= Work required =
Search the entries below for "Diamond" and copy each matching line.

= Information =
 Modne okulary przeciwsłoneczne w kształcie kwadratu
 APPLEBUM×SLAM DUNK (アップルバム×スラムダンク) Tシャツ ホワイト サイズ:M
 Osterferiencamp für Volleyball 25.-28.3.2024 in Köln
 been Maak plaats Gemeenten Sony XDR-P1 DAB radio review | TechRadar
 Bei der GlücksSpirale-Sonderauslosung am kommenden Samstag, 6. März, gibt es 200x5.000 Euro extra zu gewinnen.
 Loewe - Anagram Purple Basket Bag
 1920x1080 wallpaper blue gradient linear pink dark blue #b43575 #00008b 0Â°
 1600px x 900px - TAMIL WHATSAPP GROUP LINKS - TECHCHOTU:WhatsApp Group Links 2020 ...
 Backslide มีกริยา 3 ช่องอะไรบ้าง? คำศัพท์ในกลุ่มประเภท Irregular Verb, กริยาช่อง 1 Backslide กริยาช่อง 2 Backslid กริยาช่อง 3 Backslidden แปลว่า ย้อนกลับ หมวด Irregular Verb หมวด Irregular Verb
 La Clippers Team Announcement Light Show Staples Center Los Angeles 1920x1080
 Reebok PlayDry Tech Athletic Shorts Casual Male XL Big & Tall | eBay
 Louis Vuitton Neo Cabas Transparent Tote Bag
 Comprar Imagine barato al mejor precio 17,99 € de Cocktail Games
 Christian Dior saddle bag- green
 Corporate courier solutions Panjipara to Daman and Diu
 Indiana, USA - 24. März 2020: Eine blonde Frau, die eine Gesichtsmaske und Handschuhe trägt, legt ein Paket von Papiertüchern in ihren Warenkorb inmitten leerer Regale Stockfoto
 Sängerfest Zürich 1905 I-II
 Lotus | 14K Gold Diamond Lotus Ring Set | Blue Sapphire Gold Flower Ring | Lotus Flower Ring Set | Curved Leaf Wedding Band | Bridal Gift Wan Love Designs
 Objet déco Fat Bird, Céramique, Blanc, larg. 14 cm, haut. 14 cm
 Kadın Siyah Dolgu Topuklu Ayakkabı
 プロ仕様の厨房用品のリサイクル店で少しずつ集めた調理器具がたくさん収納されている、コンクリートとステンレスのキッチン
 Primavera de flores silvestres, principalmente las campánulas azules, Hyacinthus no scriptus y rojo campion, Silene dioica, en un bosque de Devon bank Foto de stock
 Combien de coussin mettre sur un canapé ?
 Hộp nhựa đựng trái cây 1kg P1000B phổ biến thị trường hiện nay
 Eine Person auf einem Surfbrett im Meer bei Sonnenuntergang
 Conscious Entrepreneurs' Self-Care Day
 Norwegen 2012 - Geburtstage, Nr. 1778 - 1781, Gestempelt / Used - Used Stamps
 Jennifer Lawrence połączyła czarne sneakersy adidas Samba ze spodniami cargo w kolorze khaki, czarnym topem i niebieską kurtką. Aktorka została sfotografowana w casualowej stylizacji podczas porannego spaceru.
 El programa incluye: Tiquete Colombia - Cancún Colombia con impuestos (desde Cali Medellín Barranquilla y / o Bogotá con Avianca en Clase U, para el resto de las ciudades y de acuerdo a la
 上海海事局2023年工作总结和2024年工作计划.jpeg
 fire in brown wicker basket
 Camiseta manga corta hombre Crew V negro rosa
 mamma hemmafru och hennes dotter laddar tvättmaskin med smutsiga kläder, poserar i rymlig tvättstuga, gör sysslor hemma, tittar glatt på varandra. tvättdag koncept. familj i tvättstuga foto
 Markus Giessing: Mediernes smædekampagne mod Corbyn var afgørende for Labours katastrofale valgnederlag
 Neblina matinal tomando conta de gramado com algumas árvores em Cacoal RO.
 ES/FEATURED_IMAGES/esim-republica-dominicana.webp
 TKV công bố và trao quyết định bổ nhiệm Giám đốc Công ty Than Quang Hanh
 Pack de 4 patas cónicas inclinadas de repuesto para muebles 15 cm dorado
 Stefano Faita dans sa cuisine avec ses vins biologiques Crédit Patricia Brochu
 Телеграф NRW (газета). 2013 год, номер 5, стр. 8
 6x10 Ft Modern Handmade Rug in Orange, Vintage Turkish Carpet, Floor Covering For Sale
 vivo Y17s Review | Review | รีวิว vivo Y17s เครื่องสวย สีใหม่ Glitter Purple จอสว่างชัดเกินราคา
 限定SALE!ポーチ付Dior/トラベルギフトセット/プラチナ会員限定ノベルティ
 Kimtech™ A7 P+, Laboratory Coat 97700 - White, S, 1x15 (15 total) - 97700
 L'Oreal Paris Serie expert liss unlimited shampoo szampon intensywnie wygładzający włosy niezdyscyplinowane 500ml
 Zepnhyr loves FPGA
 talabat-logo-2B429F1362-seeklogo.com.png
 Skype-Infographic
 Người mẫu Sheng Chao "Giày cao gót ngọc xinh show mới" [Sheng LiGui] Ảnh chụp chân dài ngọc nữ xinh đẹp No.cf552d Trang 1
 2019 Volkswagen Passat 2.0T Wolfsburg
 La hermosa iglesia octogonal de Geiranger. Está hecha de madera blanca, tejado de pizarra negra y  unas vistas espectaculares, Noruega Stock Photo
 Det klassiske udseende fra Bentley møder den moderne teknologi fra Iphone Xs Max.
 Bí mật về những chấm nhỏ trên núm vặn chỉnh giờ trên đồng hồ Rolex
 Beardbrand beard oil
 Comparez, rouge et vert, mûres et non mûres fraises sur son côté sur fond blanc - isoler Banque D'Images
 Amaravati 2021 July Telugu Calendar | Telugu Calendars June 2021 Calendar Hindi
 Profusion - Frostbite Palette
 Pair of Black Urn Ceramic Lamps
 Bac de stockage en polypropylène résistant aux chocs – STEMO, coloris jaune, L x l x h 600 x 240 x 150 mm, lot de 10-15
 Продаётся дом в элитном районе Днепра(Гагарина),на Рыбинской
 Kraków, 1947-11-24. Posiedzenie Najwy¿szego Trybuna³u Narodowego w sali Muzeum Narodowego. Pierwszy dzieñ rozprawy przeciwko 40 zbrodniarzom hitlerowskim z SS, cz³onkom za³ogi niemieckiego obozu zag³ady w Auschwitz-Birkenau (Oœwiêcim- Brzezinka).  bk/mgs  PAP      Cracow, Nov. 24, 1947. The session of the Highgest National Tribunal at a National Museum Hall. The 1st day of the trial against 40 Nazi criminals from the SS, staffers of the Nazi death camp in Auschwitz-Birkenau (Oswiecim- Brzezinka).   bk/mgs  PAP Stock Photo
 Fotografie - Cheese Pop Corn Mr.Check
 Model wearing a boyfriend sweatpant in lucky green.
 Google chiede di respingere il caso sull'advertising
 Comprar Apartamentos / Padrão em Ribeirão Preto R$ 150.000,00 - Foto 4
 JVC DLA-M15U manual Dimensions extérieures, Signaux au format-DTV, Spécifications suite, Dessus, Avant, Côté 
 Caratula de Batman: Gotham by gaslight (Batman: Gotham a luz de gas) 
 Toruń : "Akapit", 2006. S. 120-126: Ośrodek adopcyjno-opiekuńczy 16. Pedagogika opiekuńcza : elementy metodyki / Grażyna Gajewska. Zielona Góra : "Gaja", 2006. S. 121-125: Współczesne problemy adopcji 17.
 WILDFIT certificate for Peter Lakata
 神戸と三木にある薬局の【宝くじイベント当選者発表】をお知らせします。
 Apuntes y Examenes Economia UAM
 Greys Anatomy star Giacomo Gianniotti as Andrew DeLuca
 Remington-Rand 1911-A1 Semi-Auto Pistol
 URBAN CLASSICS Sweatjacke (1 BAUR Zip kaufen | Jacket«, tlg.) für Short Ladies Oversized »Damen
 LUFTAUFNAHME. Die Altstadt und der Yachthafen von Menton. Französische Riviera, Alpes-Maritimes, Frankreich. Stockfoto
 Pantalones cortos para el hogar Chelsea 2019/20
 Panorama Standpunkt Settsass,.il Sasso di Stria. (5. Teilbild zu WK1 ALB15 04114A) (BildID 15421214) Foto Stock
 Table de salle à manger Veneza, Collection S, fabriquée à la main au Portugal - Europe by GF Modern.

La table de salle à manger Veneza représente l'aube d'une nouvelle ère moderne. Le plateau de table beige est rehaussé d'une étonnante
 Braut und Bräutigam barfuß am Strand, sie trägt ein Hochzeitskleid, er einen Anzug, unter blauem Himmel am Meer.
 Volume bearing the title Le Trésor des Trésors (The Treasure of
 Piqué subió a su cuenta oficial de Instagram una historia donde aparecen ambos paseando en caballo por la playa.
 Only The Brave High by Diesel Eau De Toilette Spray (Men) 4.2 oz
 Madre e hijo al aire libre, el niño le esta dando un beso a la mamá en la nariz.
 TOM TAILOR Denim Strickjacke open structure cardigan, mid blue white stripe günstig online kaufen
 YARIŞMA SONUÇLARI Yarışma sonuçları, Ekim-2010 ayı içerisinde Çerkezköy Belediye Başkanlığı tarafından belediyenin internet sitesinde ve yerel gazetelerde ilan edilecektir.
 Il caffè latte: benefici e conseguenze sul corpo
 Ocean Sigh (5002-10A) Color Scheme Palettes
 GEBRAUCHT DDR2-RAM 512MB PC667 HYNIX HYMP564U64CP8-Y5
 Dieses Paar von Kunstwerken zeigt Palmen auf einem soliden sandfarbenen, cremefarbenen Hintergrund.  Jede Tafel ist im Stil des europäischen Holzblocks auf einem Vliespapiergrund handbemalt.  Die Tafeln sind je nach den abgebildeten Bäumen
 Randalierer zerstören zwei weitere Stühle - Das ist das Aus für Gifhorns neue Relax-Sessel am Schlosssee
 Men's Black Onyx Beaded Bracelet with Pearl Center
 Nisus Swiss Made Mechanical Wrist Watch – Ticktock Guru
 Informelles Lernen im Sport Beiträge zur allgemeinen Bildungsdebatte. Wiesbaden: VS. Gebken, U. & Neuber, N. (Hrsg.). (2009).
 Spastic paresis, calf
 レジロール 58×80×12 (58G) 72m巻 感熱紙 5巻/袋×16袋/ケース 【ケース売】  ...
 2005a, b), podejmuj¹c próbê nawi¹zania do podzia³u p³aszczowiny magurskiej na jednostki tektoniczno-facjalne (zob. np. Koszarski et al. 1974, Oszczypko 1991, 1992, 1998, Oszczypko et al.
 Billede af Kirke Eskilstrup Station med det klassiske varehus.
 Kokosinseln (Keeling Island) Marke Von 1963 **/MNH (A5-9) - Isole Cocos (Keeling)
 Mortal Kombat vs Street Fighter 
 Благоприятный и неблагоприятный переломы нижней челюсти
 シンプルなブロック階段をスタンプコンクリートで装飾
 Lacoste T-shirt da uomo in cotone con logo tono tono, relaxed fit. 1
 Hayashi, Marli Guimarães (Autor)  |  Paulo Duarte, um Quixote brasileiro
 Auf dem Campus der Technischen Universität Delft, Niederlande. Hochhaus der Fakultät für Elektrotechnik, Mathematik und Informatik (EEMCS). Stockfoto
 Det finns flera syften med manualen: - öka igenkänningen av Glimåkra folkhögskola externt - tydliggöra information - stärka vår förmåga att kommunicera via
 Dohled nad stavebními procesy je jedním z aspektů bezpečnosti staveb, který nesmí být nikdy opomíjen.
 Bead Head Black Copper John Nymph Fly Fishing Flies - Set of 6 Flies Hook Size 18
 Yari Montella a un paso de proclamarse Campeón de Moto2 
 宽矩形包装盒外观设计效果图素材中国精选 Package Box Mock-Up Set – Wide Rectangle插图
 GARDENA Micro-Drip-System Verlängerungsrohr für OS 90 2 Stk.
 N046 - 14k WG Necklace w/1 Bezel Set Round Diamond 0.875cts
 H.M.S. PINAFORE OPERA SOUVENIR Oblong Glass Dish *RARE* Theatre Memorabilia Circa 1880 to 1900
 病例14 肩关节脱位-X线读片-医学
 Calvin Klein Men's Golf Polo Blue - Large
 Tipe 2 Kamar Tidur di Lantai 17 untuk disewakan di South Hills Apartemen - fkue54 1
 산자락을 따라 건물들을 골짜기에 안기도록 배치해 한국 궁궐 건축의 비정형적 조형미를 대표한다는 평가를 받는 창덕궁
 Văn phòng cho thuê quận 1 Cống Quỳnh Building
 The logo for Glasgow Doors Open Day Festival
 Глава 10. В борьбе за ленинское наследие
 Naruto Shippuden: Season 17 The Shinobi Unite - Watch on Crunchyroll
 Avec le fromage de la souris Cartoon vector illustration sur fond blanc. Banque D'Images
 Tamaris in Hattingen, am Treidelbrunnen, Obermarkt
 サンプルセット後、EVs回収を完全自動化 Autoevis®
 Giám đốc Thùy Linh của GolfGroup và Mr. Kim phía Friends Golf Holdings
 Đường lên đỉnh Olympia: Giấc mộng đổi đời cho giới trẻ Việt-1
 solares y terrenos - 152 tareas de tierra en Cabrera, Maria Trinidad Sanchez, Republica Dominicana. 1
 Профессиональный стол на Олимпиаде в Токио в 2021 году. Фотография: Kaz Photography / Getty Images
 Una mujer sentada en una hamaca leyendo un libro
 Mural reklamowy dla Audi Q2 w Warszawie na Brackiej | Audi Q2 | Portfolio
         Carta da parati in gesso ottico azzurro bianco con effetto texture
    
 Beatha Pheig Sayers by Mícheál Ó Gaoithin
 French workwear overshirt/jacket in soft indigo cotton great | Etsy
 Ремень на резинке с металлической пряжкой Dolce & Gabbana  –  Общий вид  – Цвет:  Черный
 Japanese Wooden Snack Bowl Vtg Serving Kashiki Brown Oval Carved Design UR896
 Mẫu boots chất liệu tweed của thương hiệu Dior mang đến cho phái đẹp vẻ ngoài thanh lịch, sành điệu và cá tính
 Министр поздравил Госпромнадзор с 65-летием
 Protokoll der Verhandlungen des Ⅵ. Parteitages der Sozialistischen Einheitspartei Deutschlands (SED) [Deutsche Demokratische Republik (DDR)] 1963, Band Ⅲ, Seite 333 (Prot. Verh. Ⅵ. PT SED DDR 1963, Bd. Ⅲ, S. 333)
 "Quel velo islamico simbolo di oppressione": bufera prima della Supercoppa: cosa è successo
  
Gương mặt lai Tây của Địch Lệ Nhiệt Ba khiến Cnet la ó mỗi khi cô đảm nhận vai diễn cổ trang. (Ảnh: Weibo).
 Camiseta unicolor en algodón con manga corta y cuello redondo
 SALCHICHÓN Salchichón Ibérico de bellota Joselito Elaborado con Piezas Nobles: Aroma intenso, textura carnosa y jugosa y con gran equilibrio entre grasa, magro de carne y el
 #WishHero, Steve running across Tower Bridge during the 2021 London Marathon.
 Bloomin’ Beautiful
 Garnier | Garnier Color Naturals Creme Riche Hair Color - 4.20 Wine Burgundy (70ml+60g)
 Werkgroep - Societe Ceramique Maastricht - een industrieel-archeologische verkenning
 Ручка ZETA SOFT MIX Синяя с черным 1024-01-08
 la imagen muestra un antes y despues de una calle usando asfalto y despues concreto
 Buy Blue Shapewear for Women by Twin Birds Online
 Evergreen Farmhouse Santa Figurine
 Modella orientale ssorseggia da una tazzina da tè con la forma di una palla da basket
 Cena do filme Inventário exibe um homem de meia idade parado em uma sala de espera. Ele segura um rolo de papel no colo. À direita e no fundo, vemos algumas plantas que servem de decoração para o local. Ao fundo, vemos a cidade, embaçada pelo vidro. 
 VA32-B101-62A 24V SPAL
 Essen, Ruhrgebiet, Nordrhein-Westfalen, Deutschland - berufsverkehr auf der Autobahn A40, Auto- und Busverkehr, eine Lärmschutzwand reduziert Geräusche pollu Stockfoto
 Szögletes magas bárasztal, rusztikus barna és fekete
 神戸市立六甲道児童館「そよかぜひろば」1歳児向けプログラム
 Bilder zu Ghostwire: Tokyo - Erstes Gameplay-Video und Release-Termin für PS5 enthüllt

= Result =
 Lotus | 14K Gold Diamond Lotus Ring Set | Blue Sapphire Gold Flower Ring | Lotus Flower Ring Set | Curved Leaf Wedding Band | Bridal Gift Wan Love Designs
 N046 - 14k WG Necklace w/1 Bezel Set Round Diamond 0.875cts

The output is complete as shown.